In an interstellar gas cloud at \(50.0 \mathrm{~K}\), the pressure is \(1.00 \times 10^{-8} \mathrm{~Pa}\). Assuming that the molecular diameters of the gases in the cloud are all \(20.0 \mathrm{~nm}\), what is their mean free path?

An ideal gas undergoes isothermal compression from an initial volume of \(4.00 \mathrm{~m}^{3}\) to a final volume of \(3.00 \mathrm{~m}^{3}\). There is \(3.50 \mathrm{~mol}\) of the gas, and its temperature is \(10.0^{\circ} \mathrm{C}\). (a) How much work is done by the gas? (b) How much energy is transferred as heat between the gas and its environment?

At what frequency would the wavelength of sound in air be equal to the mean free path of oxygen molecules at \(1.0 \mathrm{~atm}\) pressure and \(0.00^{\circ} \mathrm{C} ?\) The molecular diameter is \(3.0 \times 10^{-8} \mathrm{~cm}\).

In a certain particle accelerator, protons travel around a circular path of diameter \(23.0 \mathrm{~m}\) in an evacuated chamber, whose residual gas is at \(295 \mathrm{~K}\) and \(1.00 \times 10^{-6}\) torr pressure. (a) Calculate the number of gas molecules per cubic centimeter at this pressure. (b) What is the mean free path of the gas molecules if the molecular diameter is \(2.00 \times 10^{-8} \mathrm{~cm} ?\)

In an industrial process the volume of \(25.0 \mathrm{~mol}\) of a monatomic ideal gas is reduced at a uniform rate from \(0.616 \mathrm{~m}^{3}\) to \(0.308 \mathrm{~m}^{3}\) in \(2.00 \mathrm{~h}\) while its temperature is increased at a uniform rate from \(27.0^{\circ} \mathrm{C}\) to \(450^{\circ} \mathrm{C}\).
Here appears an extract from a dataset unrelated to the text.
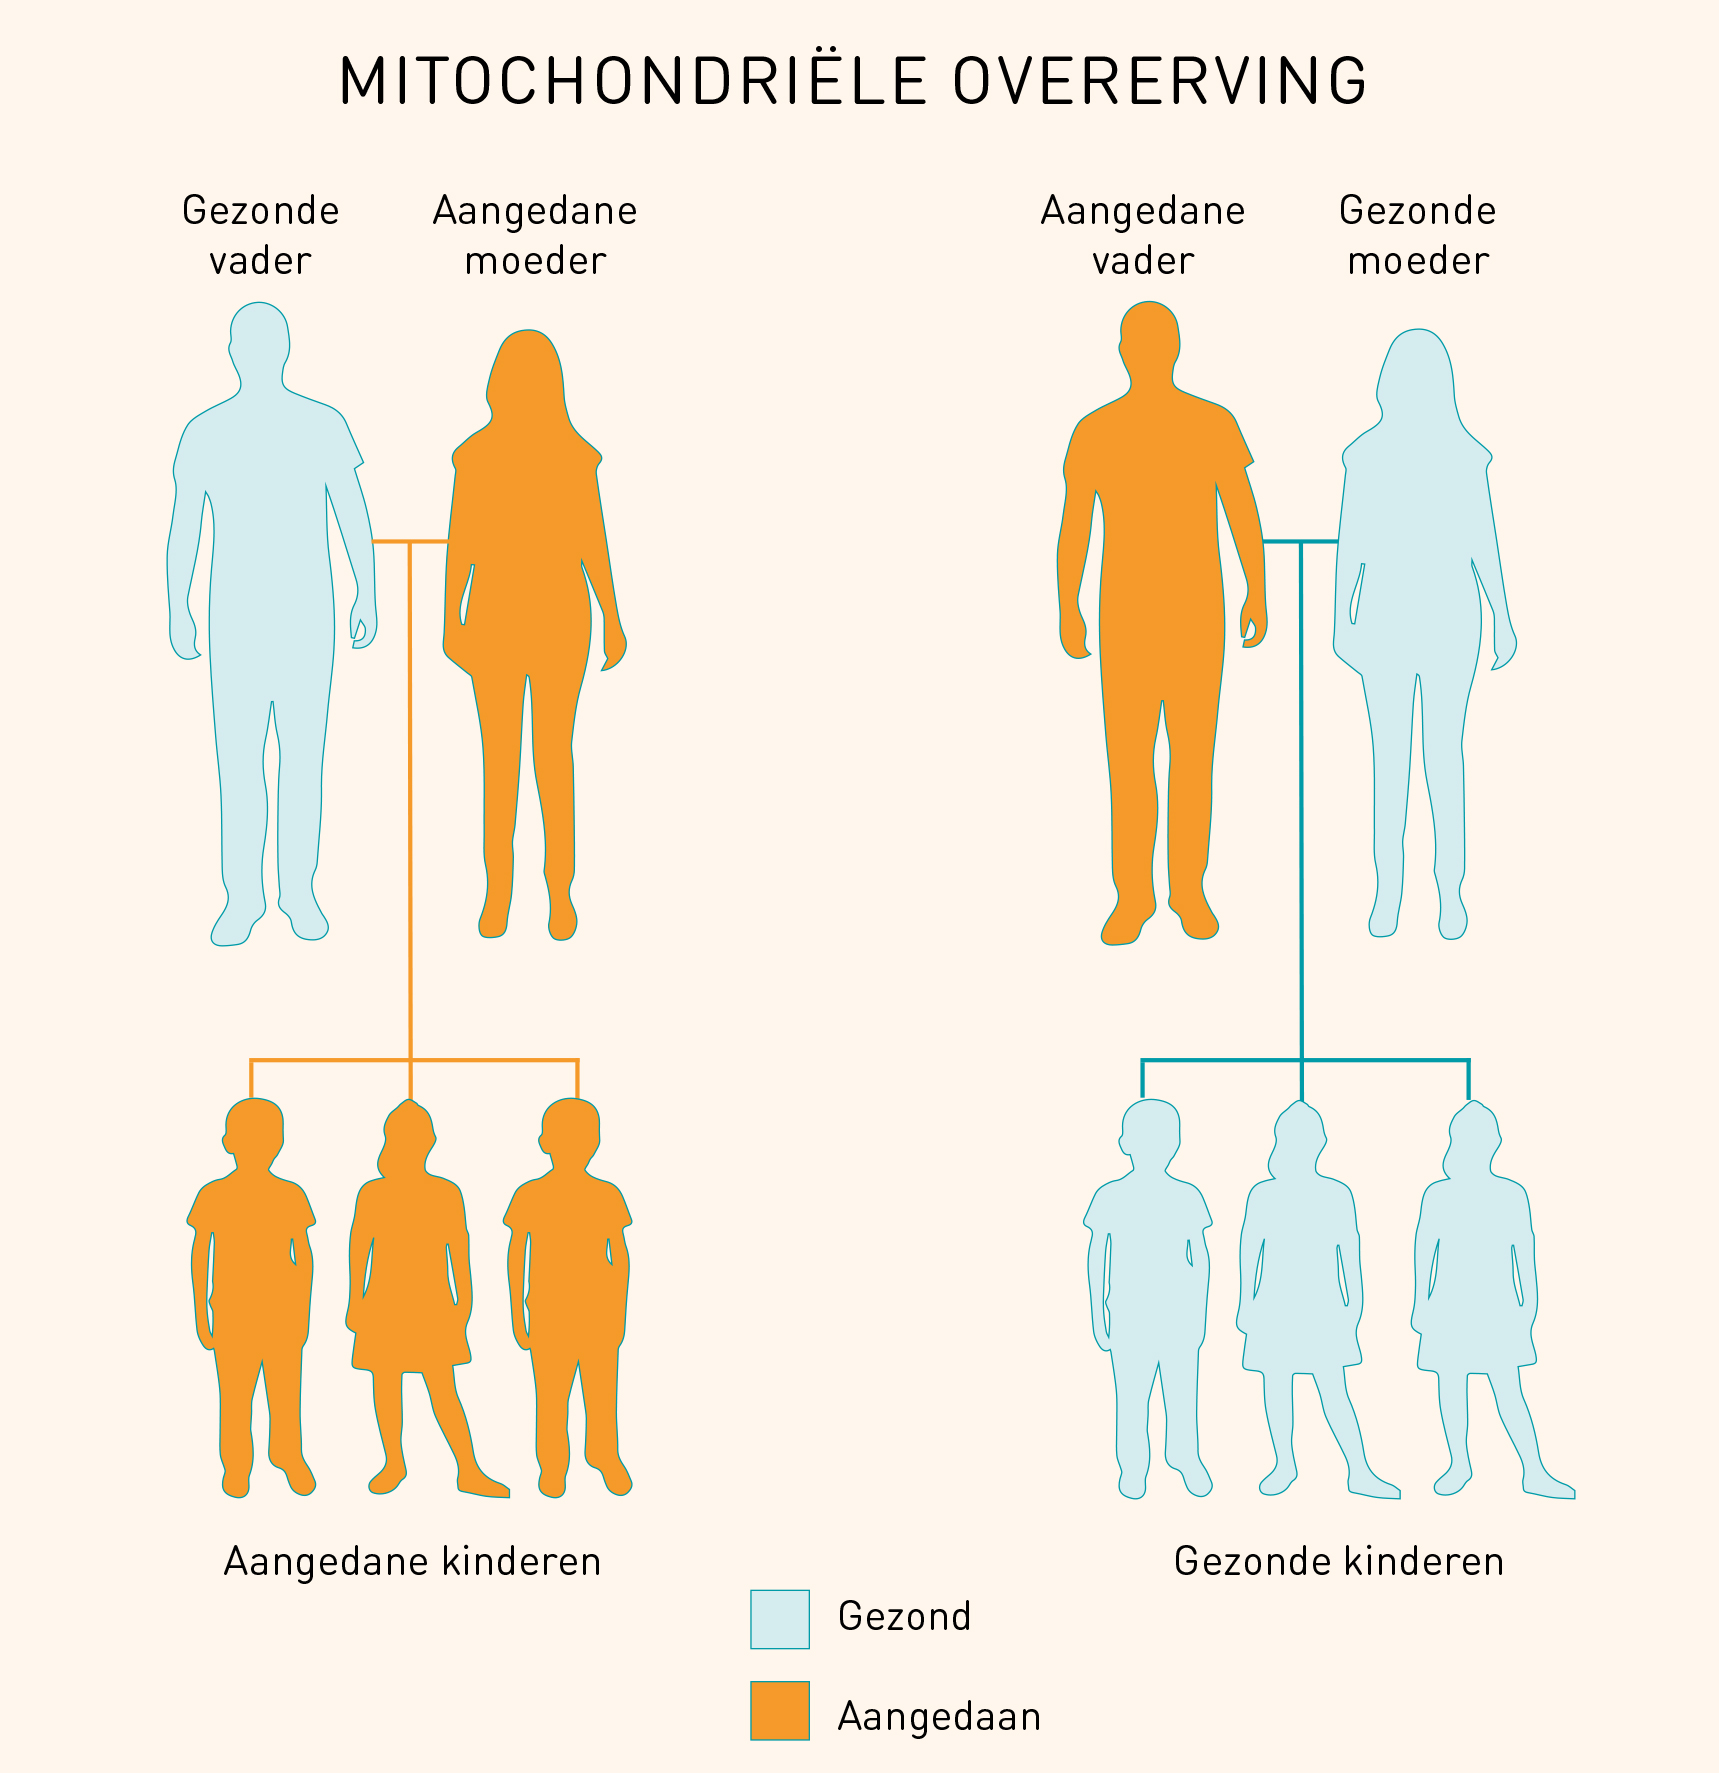 Stamboom mitochondriele overerving

Throughout the process, the gas passes through thermodynamic equilibrium states. What are (a) the cumulative work done on the gas, (b) the cumulative energy absorbed by the gas as heat, and (c) the molar specific heat for the process? (Hint: To evaluate the integral for the work, you might use $$\int \frac{a+b x}{A+B x} d x=\frac{b x}{B}+\frac{a B-b A}{B^{2}} \ln (A+B x)$$ an indefinite integral.) Suppose the process is replaced with a twostep process that reaches the same final state. In step 1 , the gas volume is reduced at constant temperature, and in step 2 the temperature is increased at constant volume. For this process, what are (d) the cumulative work done on the gas, (e) the cumulative energy absorbed by the gas as heat, and (f) the molar specific heat for the process?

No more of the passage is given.